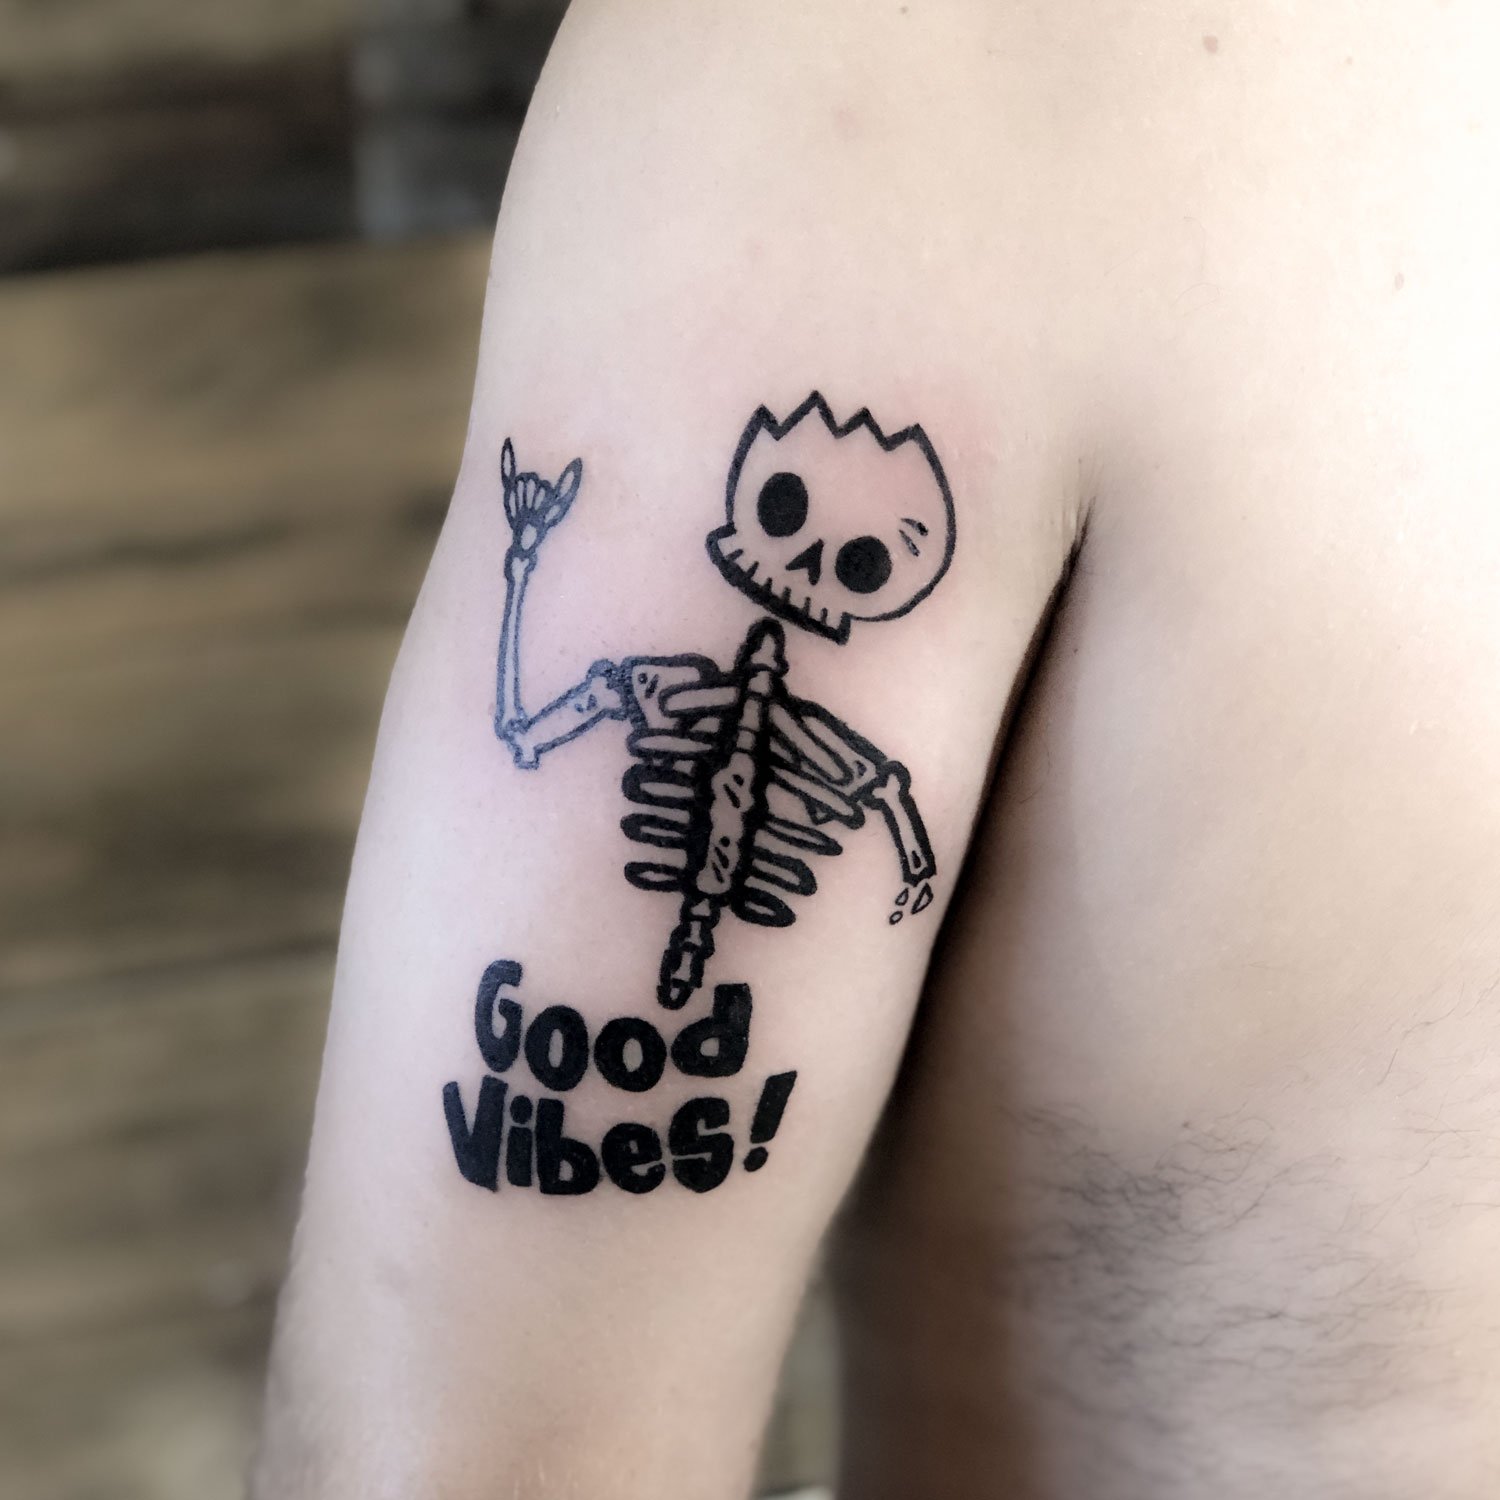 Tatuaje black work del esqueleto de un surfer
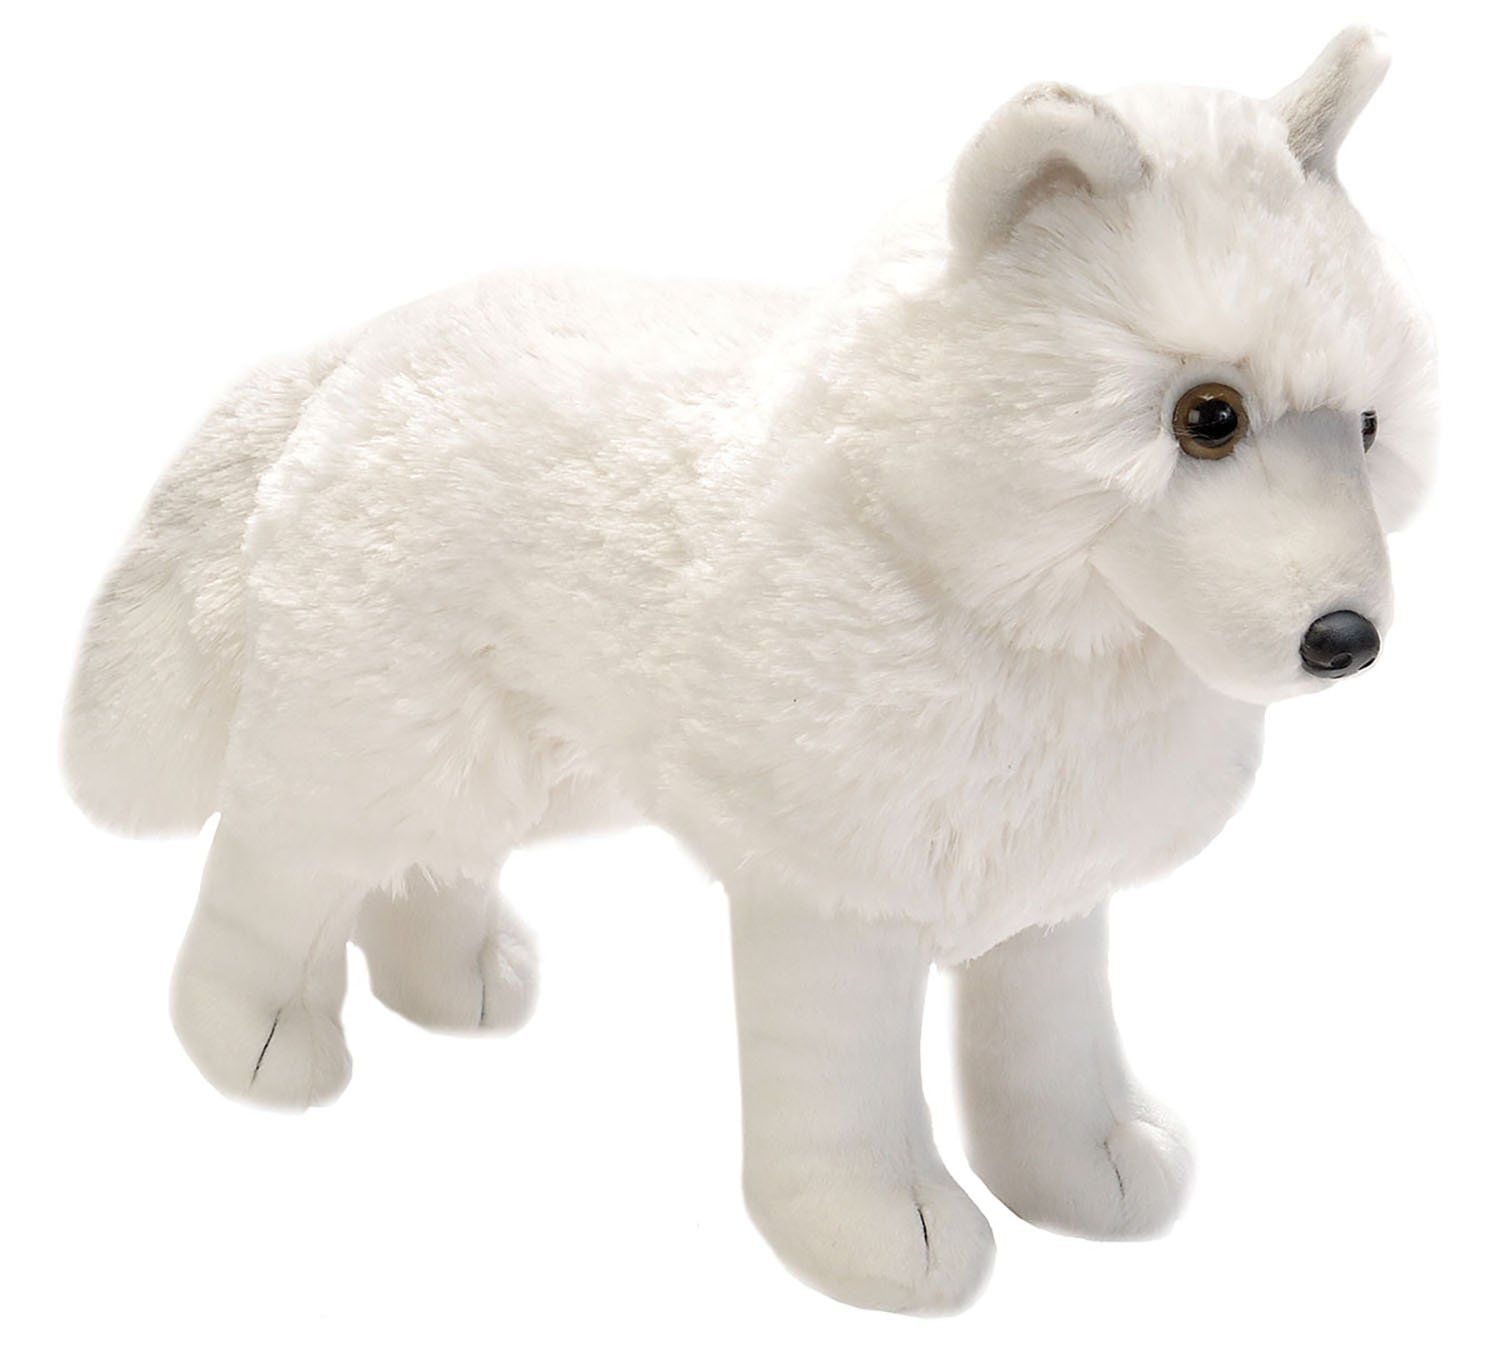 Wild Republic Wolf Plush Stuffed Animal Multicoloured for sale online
---
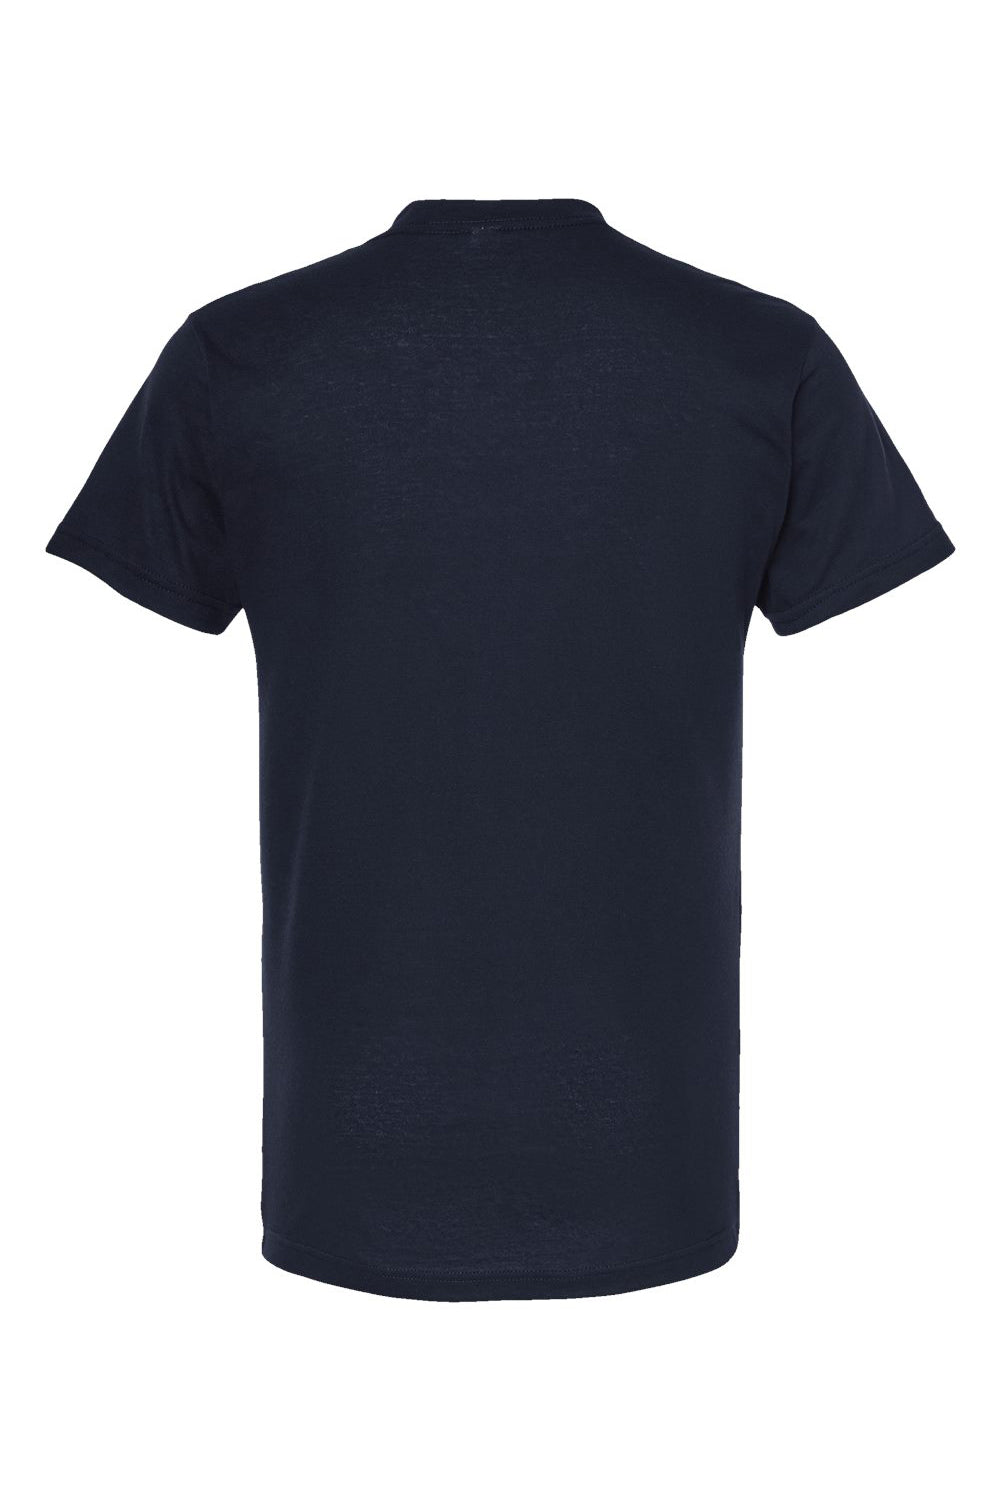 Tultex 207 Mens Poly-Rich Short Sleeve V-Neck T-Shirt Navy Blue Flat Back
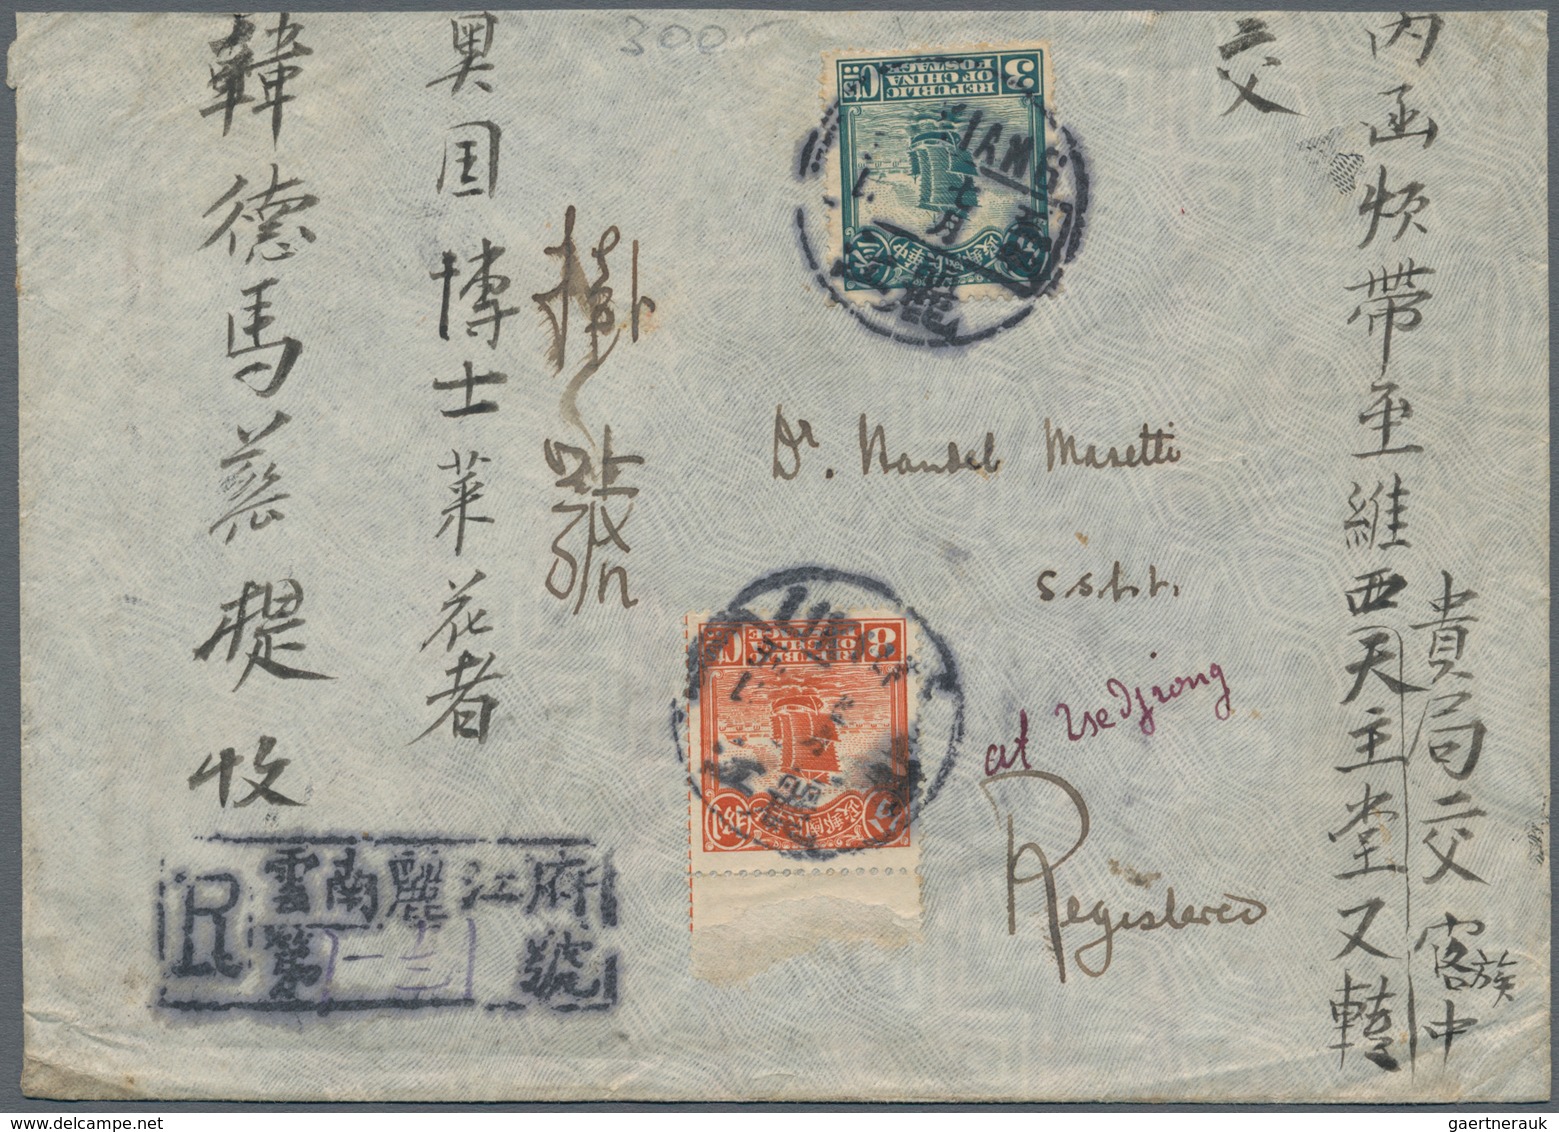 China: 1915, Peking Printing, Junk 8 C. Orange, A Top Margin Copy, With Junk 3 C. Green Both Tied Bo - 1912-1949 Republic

_Exercise prompt_: Please transcribe exactly the part of the records that opens with the line containing "Tultex 207 Mens" and closes with the line containing "China: 1915, Peking", both ends included, and leave out the pictures.

_Exercise response_:
 Tultex 207 Mens Poly-Rich Short Sleeve V-Neck T-Shirt Navy Blue Flat Back
 China: 1915, Peking Printing, Junk 8 C. Orange, A Top Margin Copy, With Junk 3 C. Green Both Tied Bo - 1912-1949 Republic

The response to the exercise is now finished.